Reflex Act Definition and Meaning

A reflex act is an involuntary movement that a person performs in response to a certain stimulus. These movements are controlled by the reflex act: a series of structures that act between the sensory receptor and the effector.

Therefore, it is necessary to differentiate between the reflex act (an involuntary and stereotyped action) and the reflex arc (the structures that drive the performance of the reflex act).

Let’s see a brief DEFINITION OF some of the complementary concepts of reflex act, in order to understand its use in this context:

* sensory receptor: it is a nerve ending found in the ear, tongue, nose, eyes and skin, among other sensory organs. It is in charge of receiving external and internal stimuli, to then transport the data and obtain a response in the form of sensations and a nervous impulse. This impulse is then taken to the central nervous system, where it is processed so that the individual obtains information about the characteristics of her environment and can respond appropriately;

* sensory neuron: it is also called the sensory neuron, and it is the one that is in charge of converting all external stimuli into an internal one. Its activation takes place through the action of the senses, and sends projections to the central nervous system for the subsequent transmission of information to the spinal cord or brain. A fundamental difference between this type of neuron and the one we can find in the central nervous system is that the former receives stimuli such as sound, temperature or light, and not from other neurons;

* integrating neuron: also known as the interneuron, it is part of the central nervous system, its size is small and its axon (an extension whose length determines the type of neuron) is of little extension. The interneuron does not connect with muscle fibers or sensory receptors, but does so exclusively with other neurons, and this allows it to carry out highly complex functions;

* motor neuron: another fundamental concept for understanding the reflex act, since it is the type of neuron directly involved with the movement and locomotion of vertebrates. When it transmits a nervous impulse, the muscle cell recognizes the signal thanks to the presence of receptors, which generate a response;

* effector: is a nerve cell that produces a response each time it receives a stimulus. Some of the most common are the secretion of some substance and, essential in the case of the reflex act, movement.

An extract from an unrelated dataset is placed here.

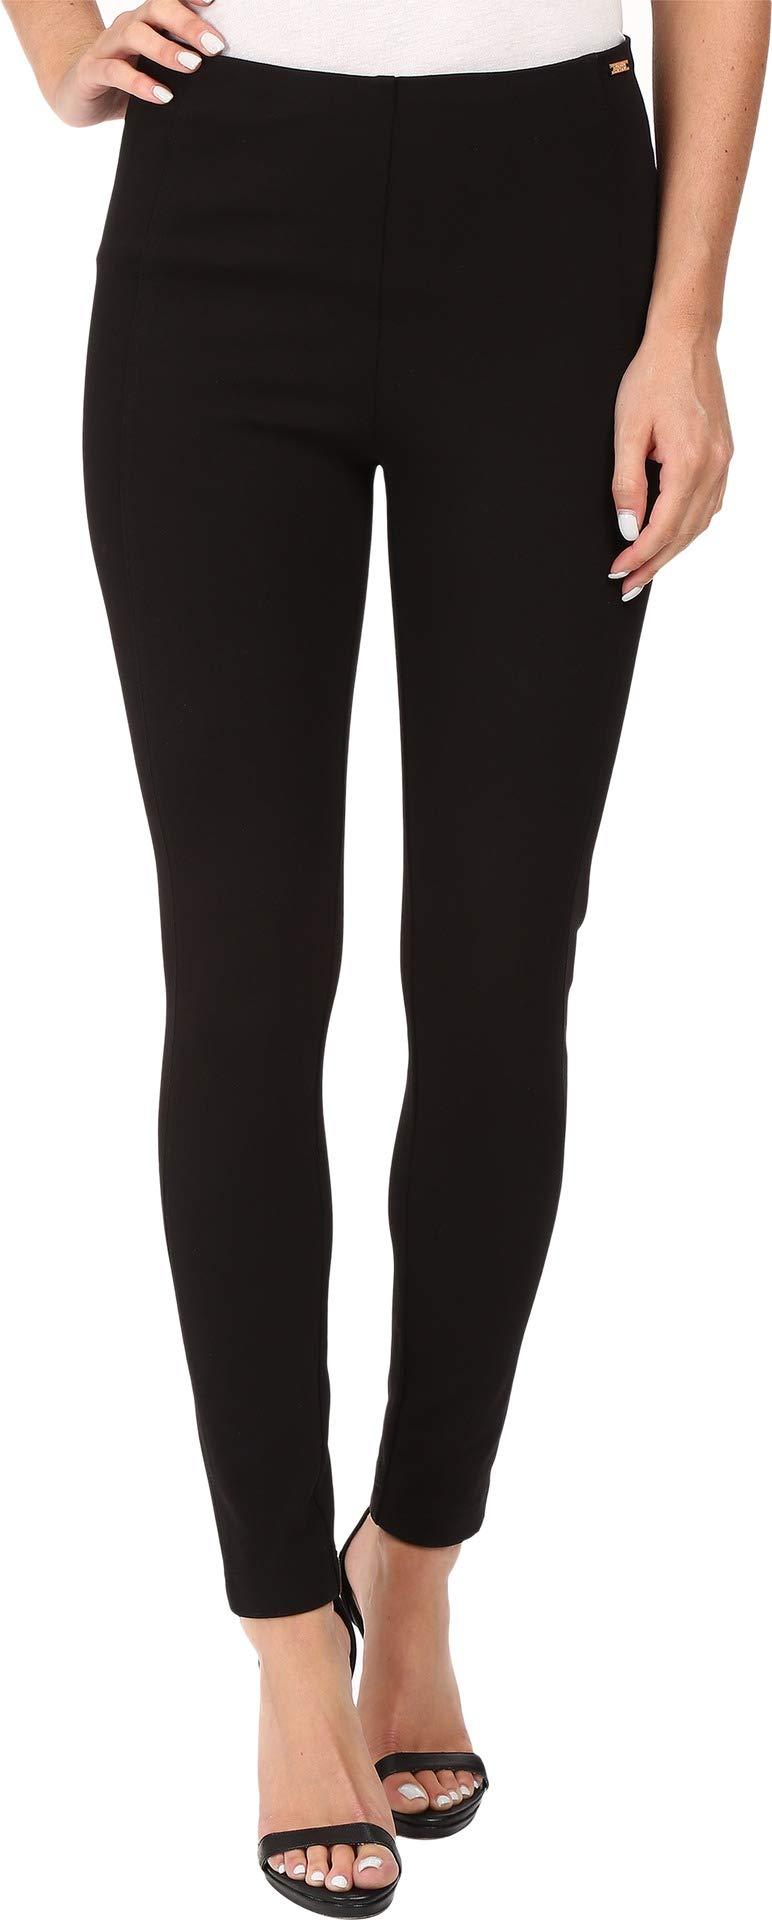 Ivanka Trump Women's Ponte Compression Pants Black Medium 27 27

Each reflex act involves the coordination of three stages at high speed: excitement, driving, and reaction. The entire process begins when the receptors capture the nervous stimulus, which is conducted through the reflex arc towards the effector for the development of the response.

In other words: the nervous stimulus produces an excitation (the first stage of the reflex act), which motivates the conduction (second stage) of the message to the spinal cord. This nervous tissue is responsible for the coordination of the response, which develops as a reaction (third stage).

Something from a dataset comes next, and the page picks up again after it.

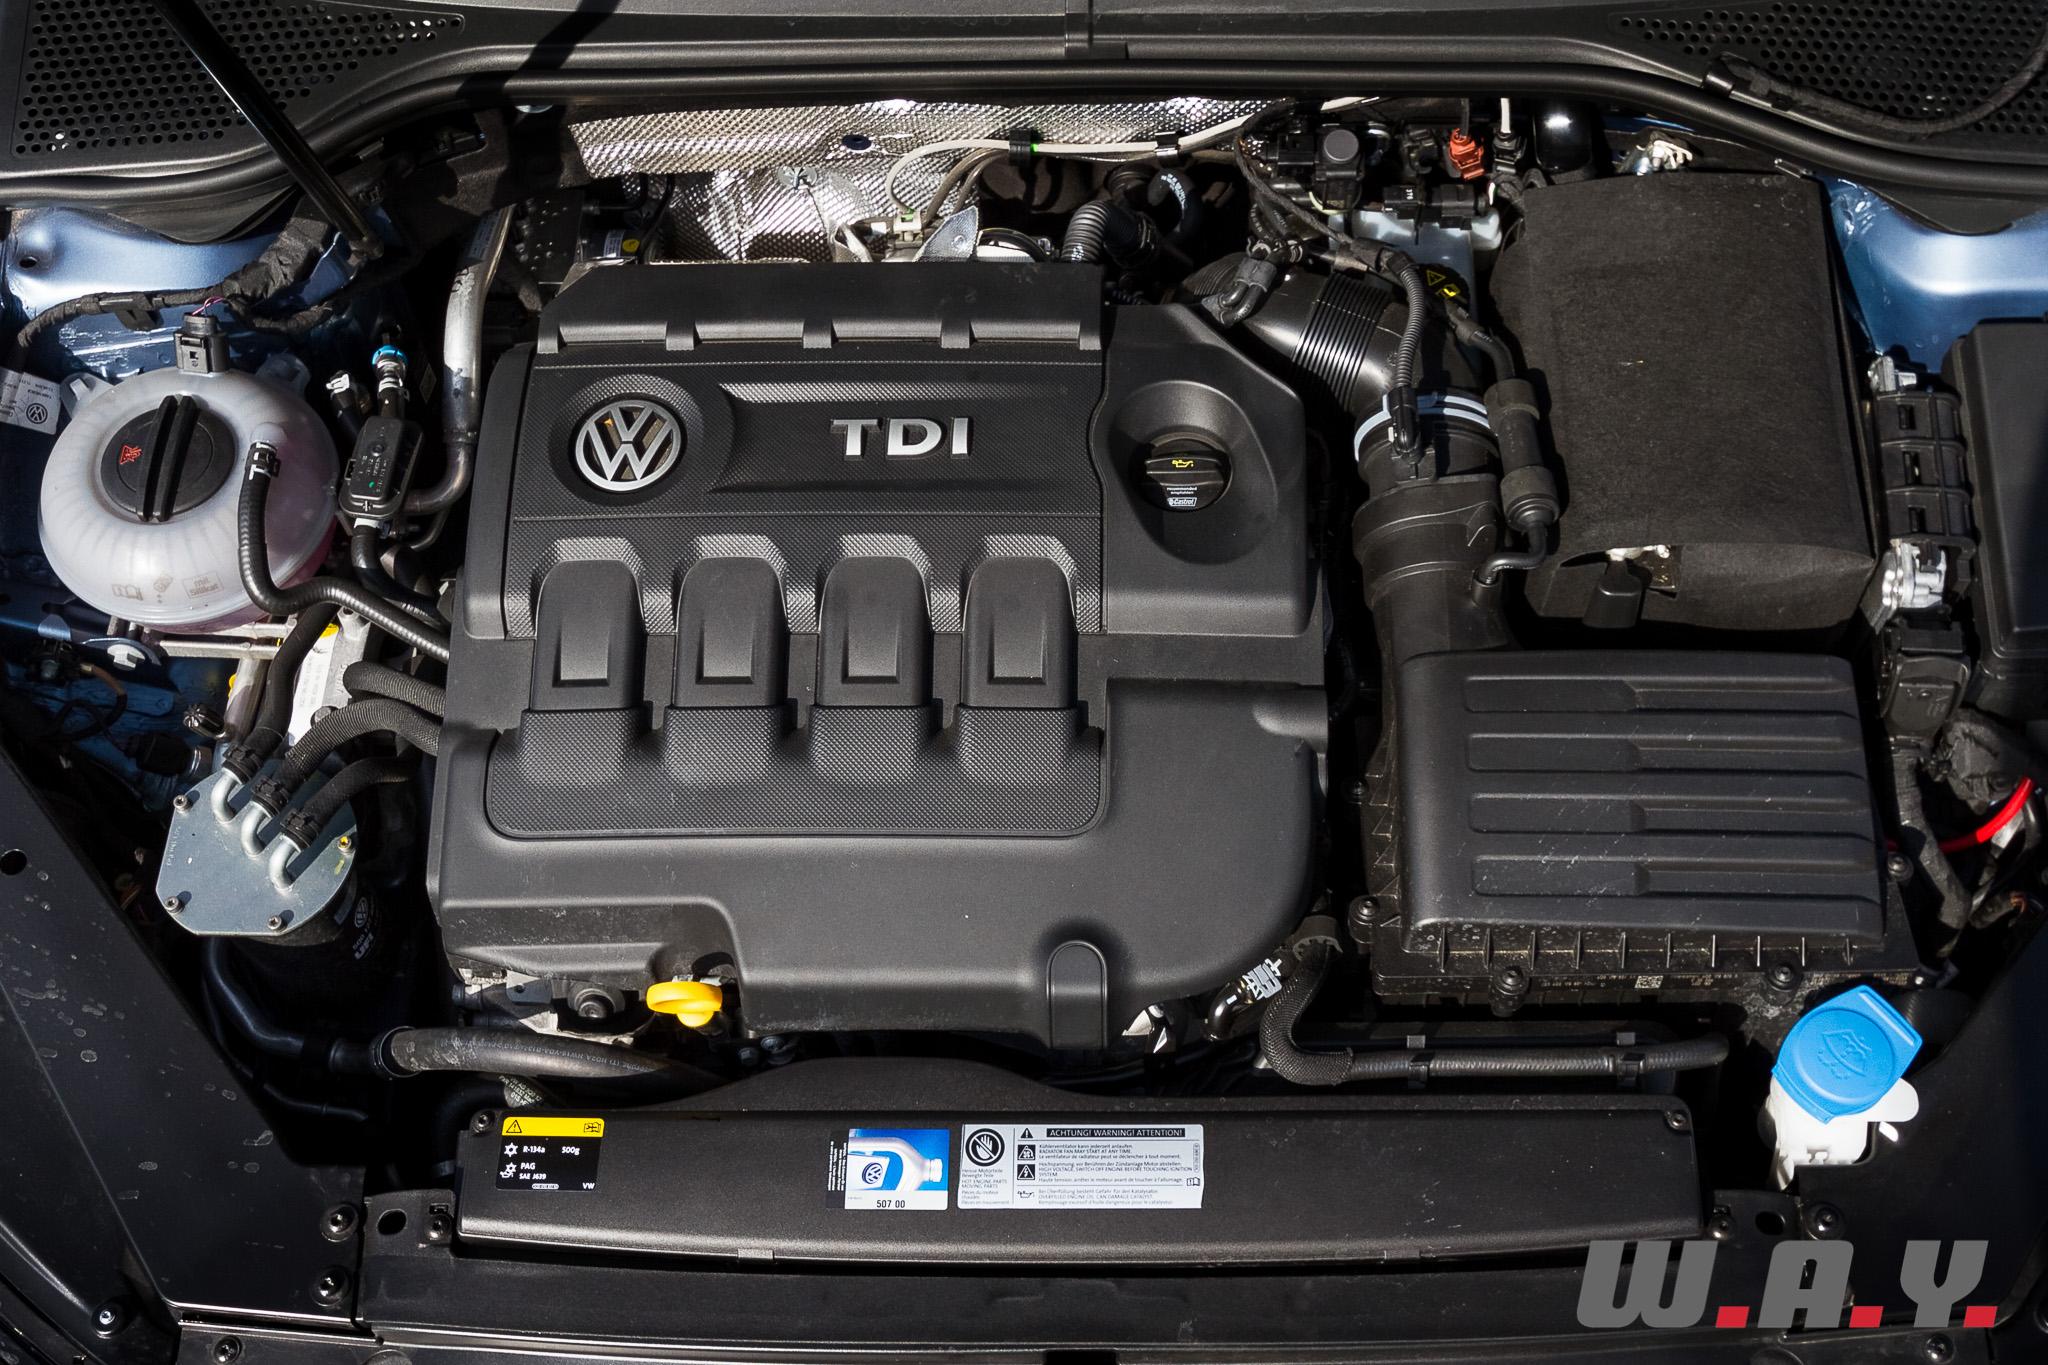 VW-Passat-05

According to the classes of neurons involved in the reflex act, it is possible to distinguish between simple reflex acts and compound reflex acts. In simple reflex acts, only two neurons act: the sensory neuron and the motor neuron. In compound reflex acts, on the other hand, an intercalar neuron that mediates between the sensory and the motor also intervenes.

A typical example of reflex action is the movement we make when we receive a blow to the patellar ligament (in the knee area) and involuntarily raise the leg.